§ **EXERCISE DESCRIPTION**
Please give the listing again in full, leaving out its images.

§ **DATA EXTRACT**
----

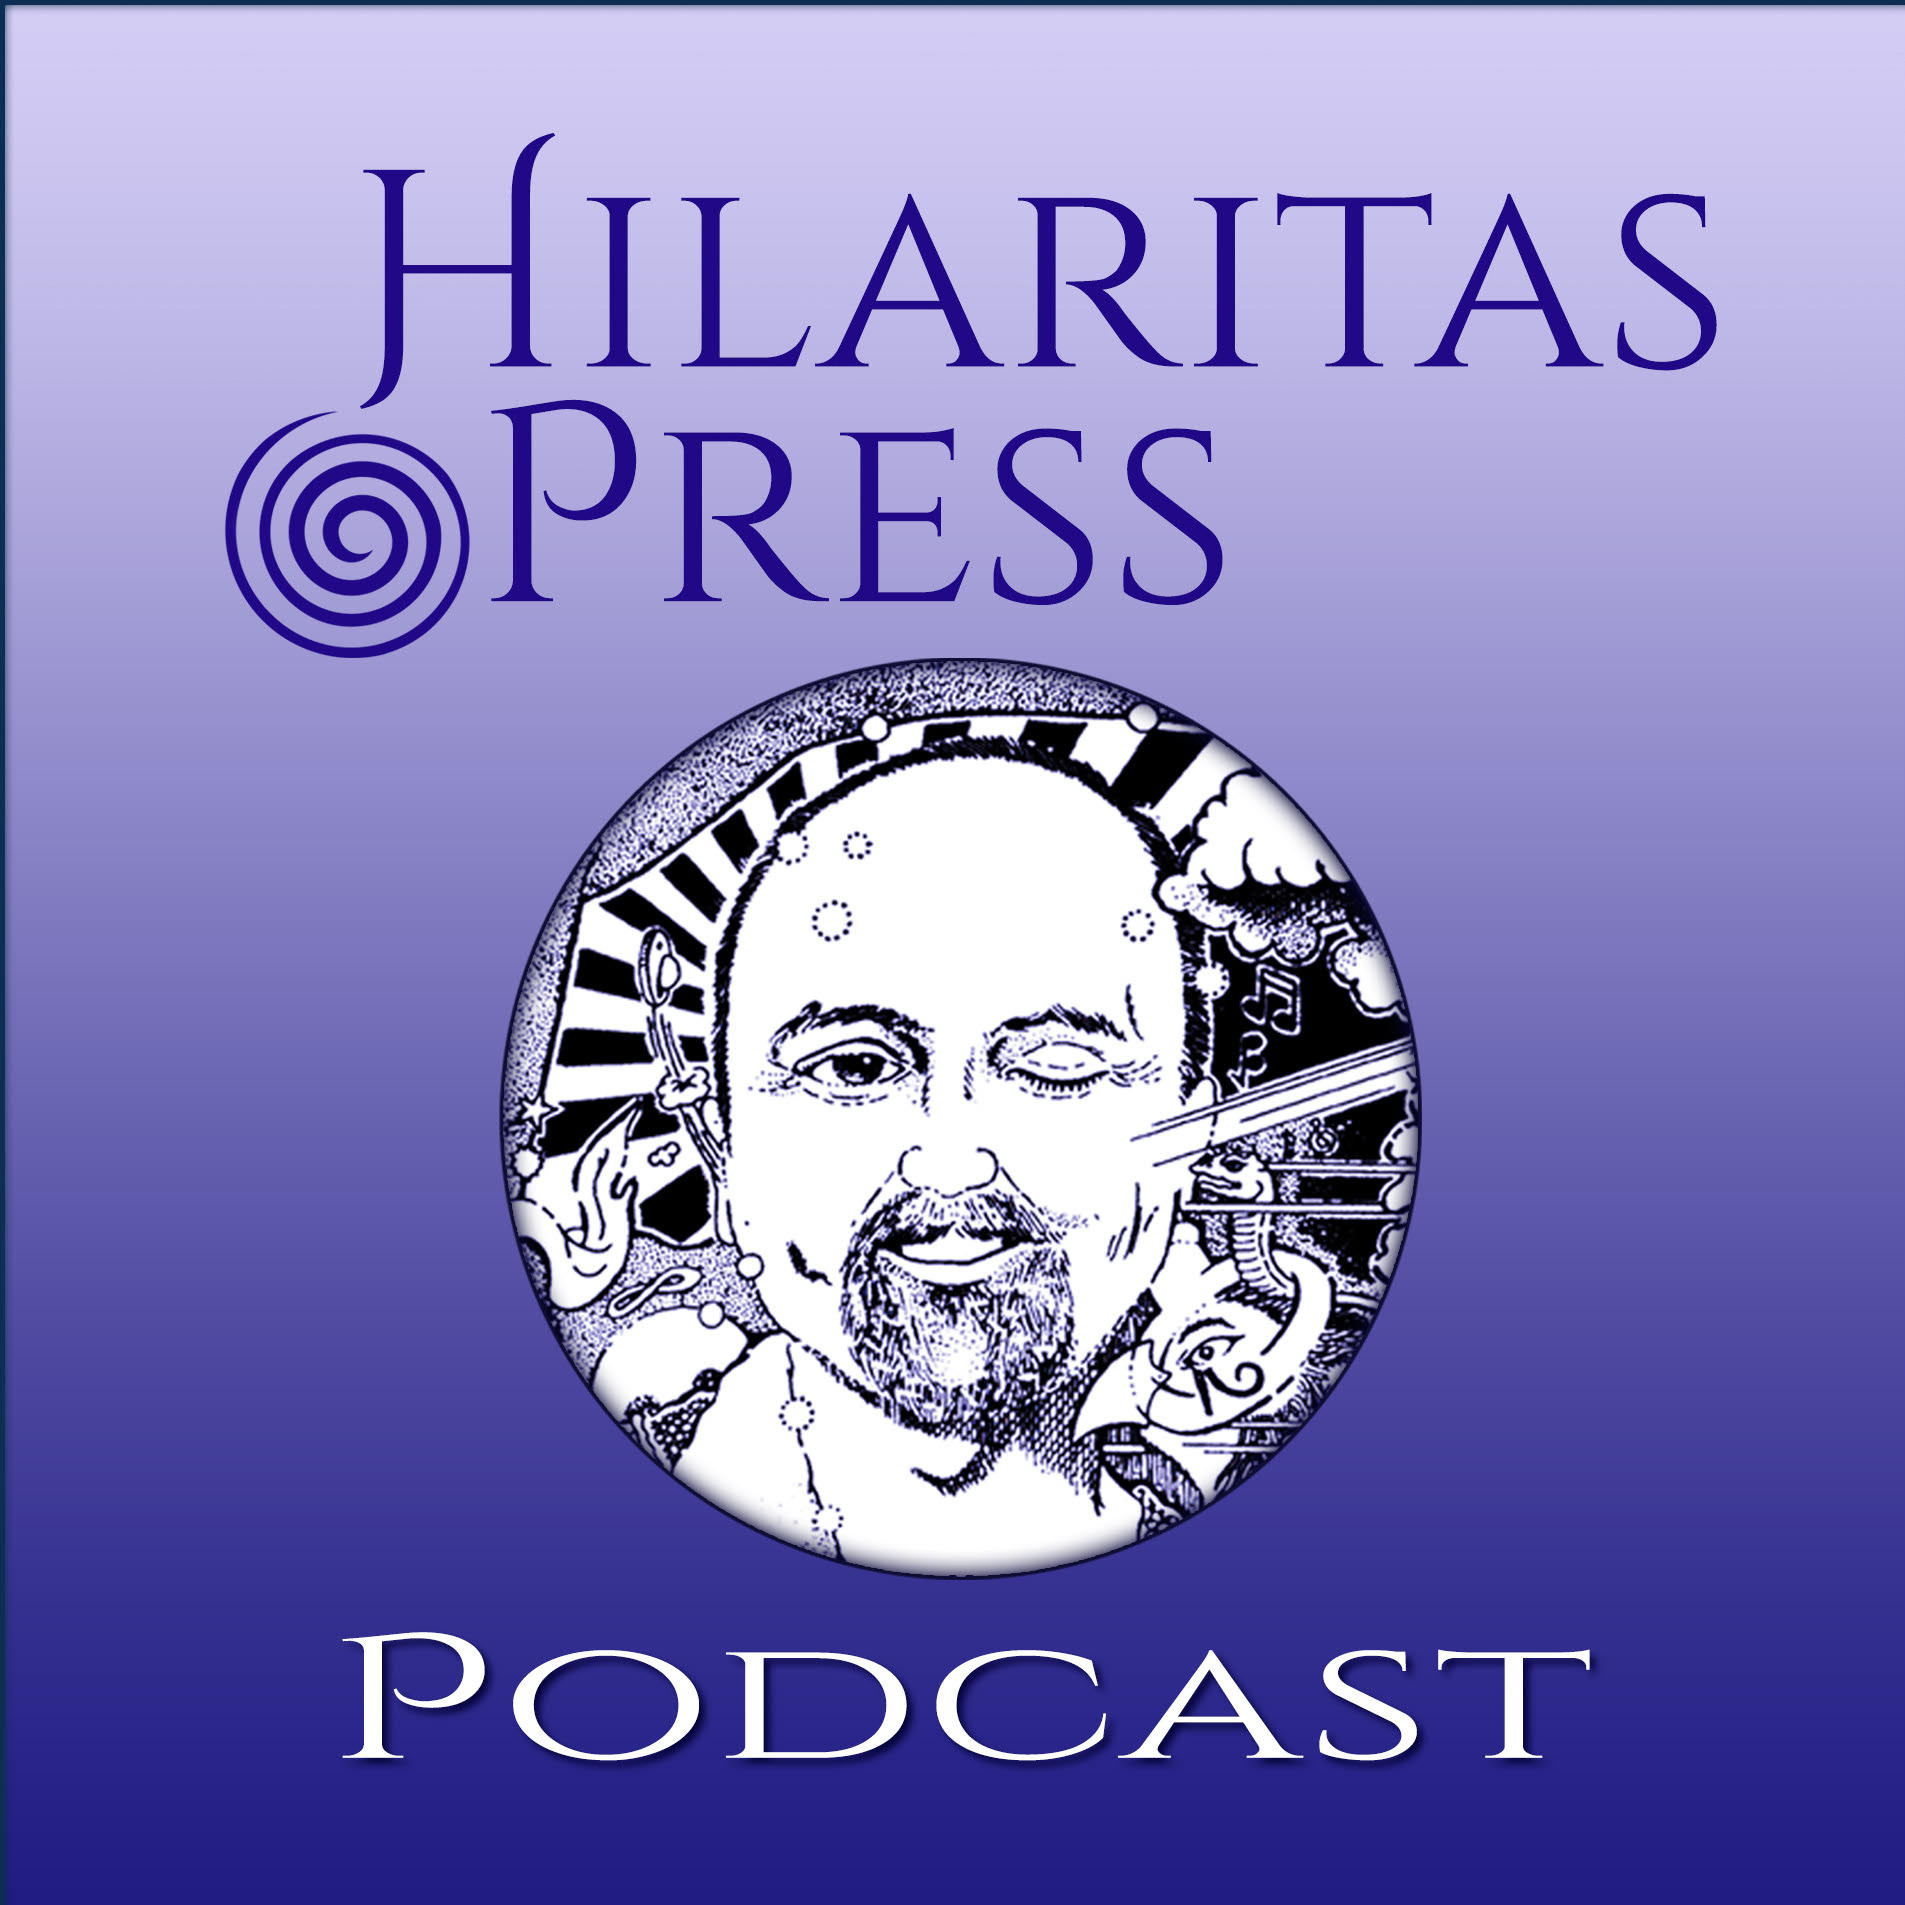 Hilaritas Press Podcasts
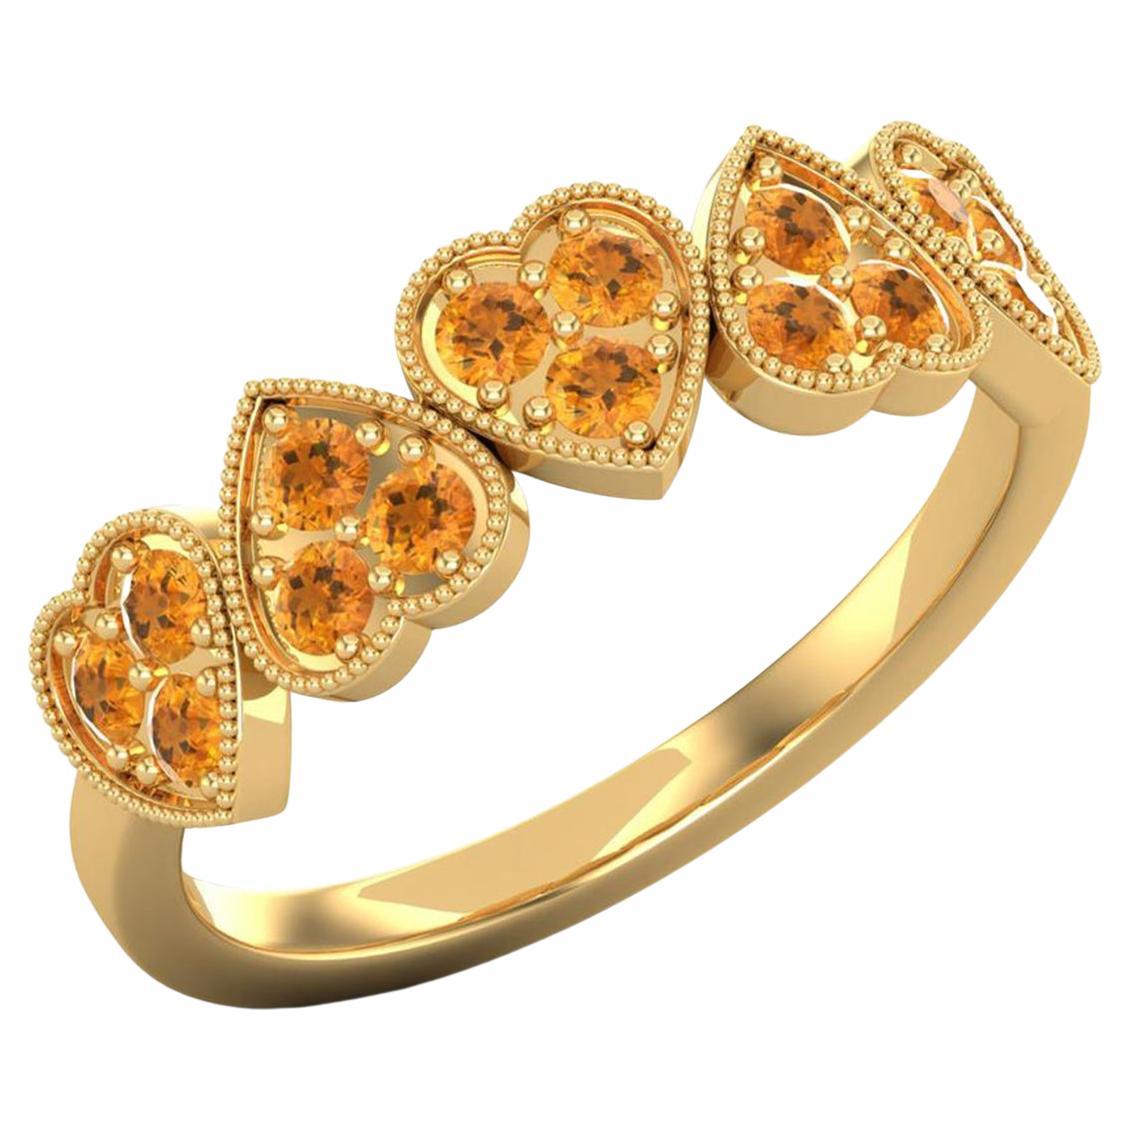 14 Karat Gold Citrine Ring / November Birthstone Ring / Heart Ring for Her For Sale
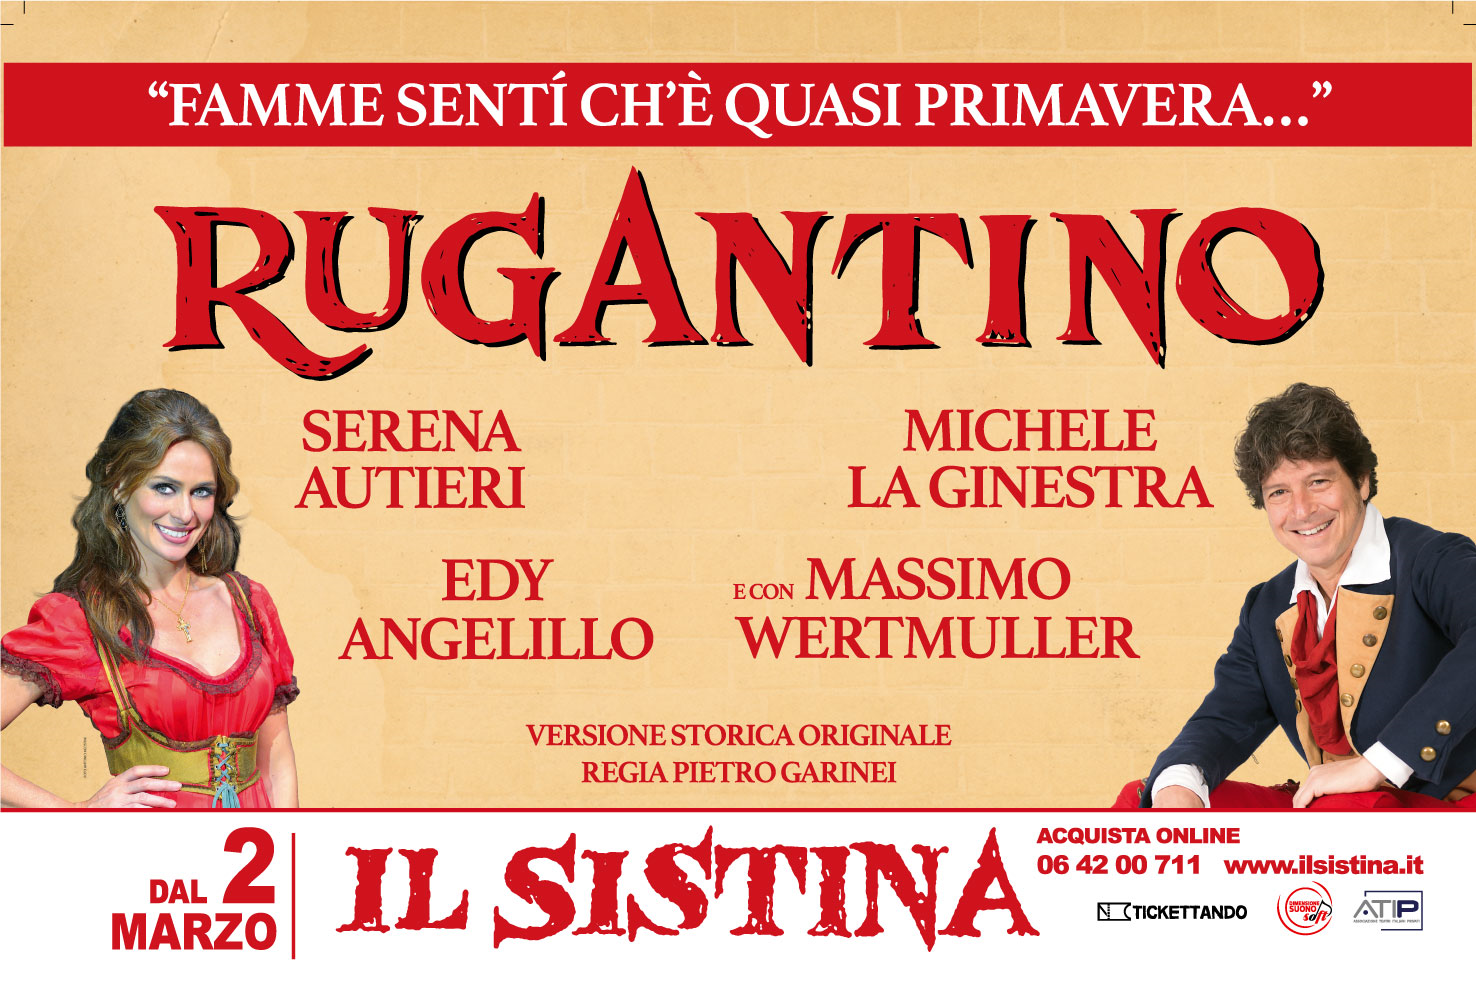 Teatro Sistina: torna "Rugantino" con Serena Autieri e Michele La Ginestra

----

§ **RESPONSE BOX**
 Hilaritas Press Podcasts
 14 Karat Gold Citrine Ring / November Birthstone Ring / Heart Ring for Her For Sale
 Teatro Sistina: torna "Rugantino" con Serena Autieri e Michele La Ginestra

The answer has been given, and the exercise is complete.